皆さん、よろしくお願いしますね。それと、こちらはフィオナ。私の友人です」
「なんだか⋯⋯。ううん、ボクはフィオナ。よろしくね」
不思議な顔をするフィオナだったが、彼女達と微笑んで握手を交わす。
私が心配する必要もないほど、彼女は意外と人と仲良くなるのが早いようだ。
「いい奴そうだな、お前。友だちになれそうだー」
「パンサー、レナ様のご友人よ?」
「あっと。⋯⋯友だちになれ、なれそうですね」
「気軽にでいい。ボクに対して無理する必要はない」
無理して話すパンサーに呆れたのか、不憫に思ったのか、フィオナは優しく語りかける。
実は私以上にお人好しだったりするのかもしれない。
「ホントか? じゃあ、遠慮なく⋯⋯。いいですよ、ね? 咲夜さん」
「⋯⋯まあ、フィオナ様がそう言うならいいんじゃないかしら」
「私もいいと思いますよ。シュヴァハ、マルバーも良ければでいいので、フィオナの友だちになってくださいね」
「わ、分かりました⋯⋯」
「レナ様のご命令ならば、もちろん構いません」
「⋯⋯もう少し軽くでいいですからね?」
パンサーという子と違い、他の2人は友だちになるのは難しそうだ。
だが、フィオナなら、時間をかければ友だちになることもできる、と私は思っている。
「⋯⋯っと、まだ仕事の途中でしたので、申し訳ございませんが、また後でお会いしましょう。
さあ、早く仕事に戻りなさい」
「は、はい⋯⋯!」
「はい、仰せのままに」
「ちぇ、咲夜さんってホント⋯⋯。じゃあな、フィオナー」
「またね、パンサー」
彼女達は別れを告げると、そそくさと仕事へ戻っていった。
相変わらず、メイドは忙しいのだなと思える。
「⋯⋯では、次へ行きましょうか。最後は魔法使い、パチュリーの場所です」
「魔法使い? 楽しみ」
妖精達が仕事を戻るのを見届けた私達は、次の場所へと向かった。
多くの本棚に囲まれ、大図書館と呼ばれるに相応しい大きな部屋。
私達はそこにいる大図書館の主。七曜の魔法使いパチュリーに会いにきた。
「パチュリー。少しよろしいでしょうか?」
「大丈夫よ。⋯⋯こあ、3人分の紅茶を入れてちょうだい」
「いえいえ。もう少しすればご飯の時間ですし、いいですよ。
それよりもこちらはフィオナ。
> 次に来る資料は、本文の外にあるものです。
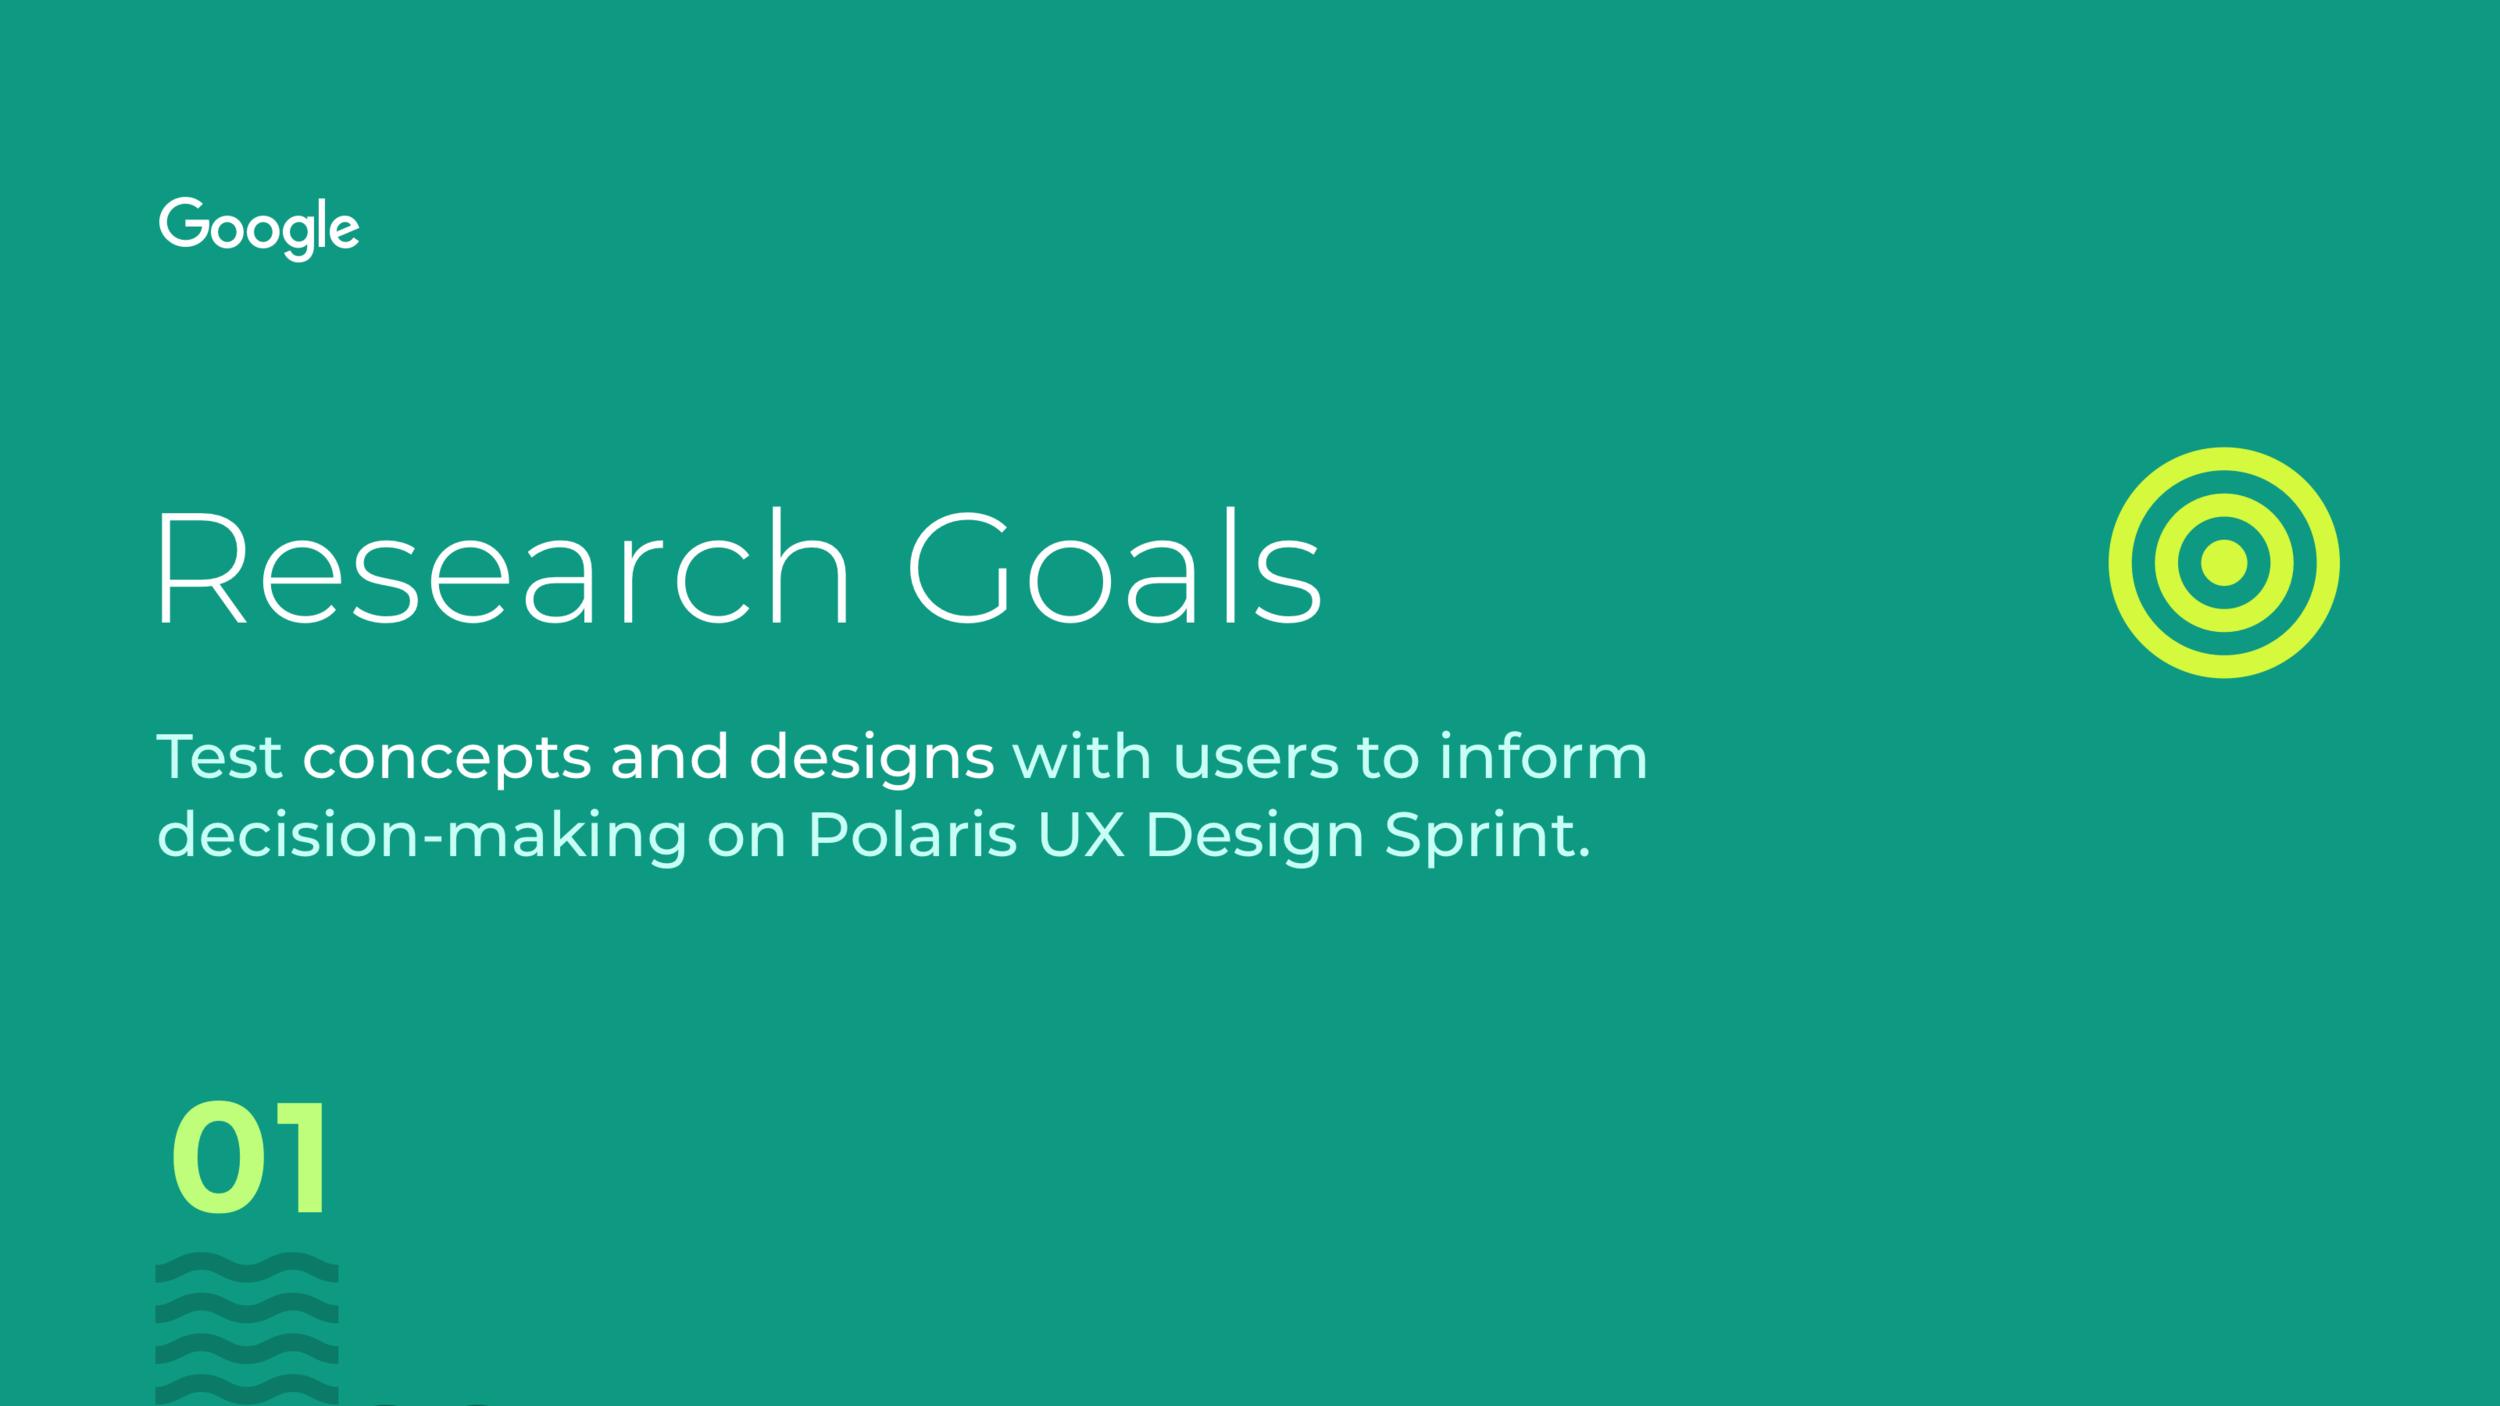 03. research goals.png

私の友人で、今日からしばらくここに住みます」
「よろしく、魔法使いさん」
「パチュリーよ。よろしくね」
2人は握手を交わすと、互いに興味深そうに観察している。
どちらも魔力の感知に優れているからこそ、そうしているのだろう。
「凄い魔力ね。レナを超える魔力の高さ⋯⋯。長く生きていると面白い発見ができるのね」
「君も凄い魔力。色が多く。多種多様な魔法を使えそう」
「⋯⋯感受性が高いのかしら。人の意識を読み取るように魔力を読み取る⋯⋯。興味深いわ。
暇な時間があれば、一緒に魔法の研究でもしましょうね」
「いいの? 嬉しい。⋯⋯レナお姉ちゃんも、一緒にね?」
天使のような笑みでそう言われ、私の心が少しだけ揺らぐ。
もしも娘がいれば、このような気持ちになるのだろうか。
「あ、はい。もちろんです」
「⋯⋯レミィが見たら嫉妬しそうねぇ。いえ、そこまで子どもじゃないかしら。
まあ、もちろんいつでも来ていいからね」
「その時はお願い。パチュリー」
「では、後はお部屋、そしてお姉さまの許可⋯⋯。まあ、考えるだけ無駄ですよ。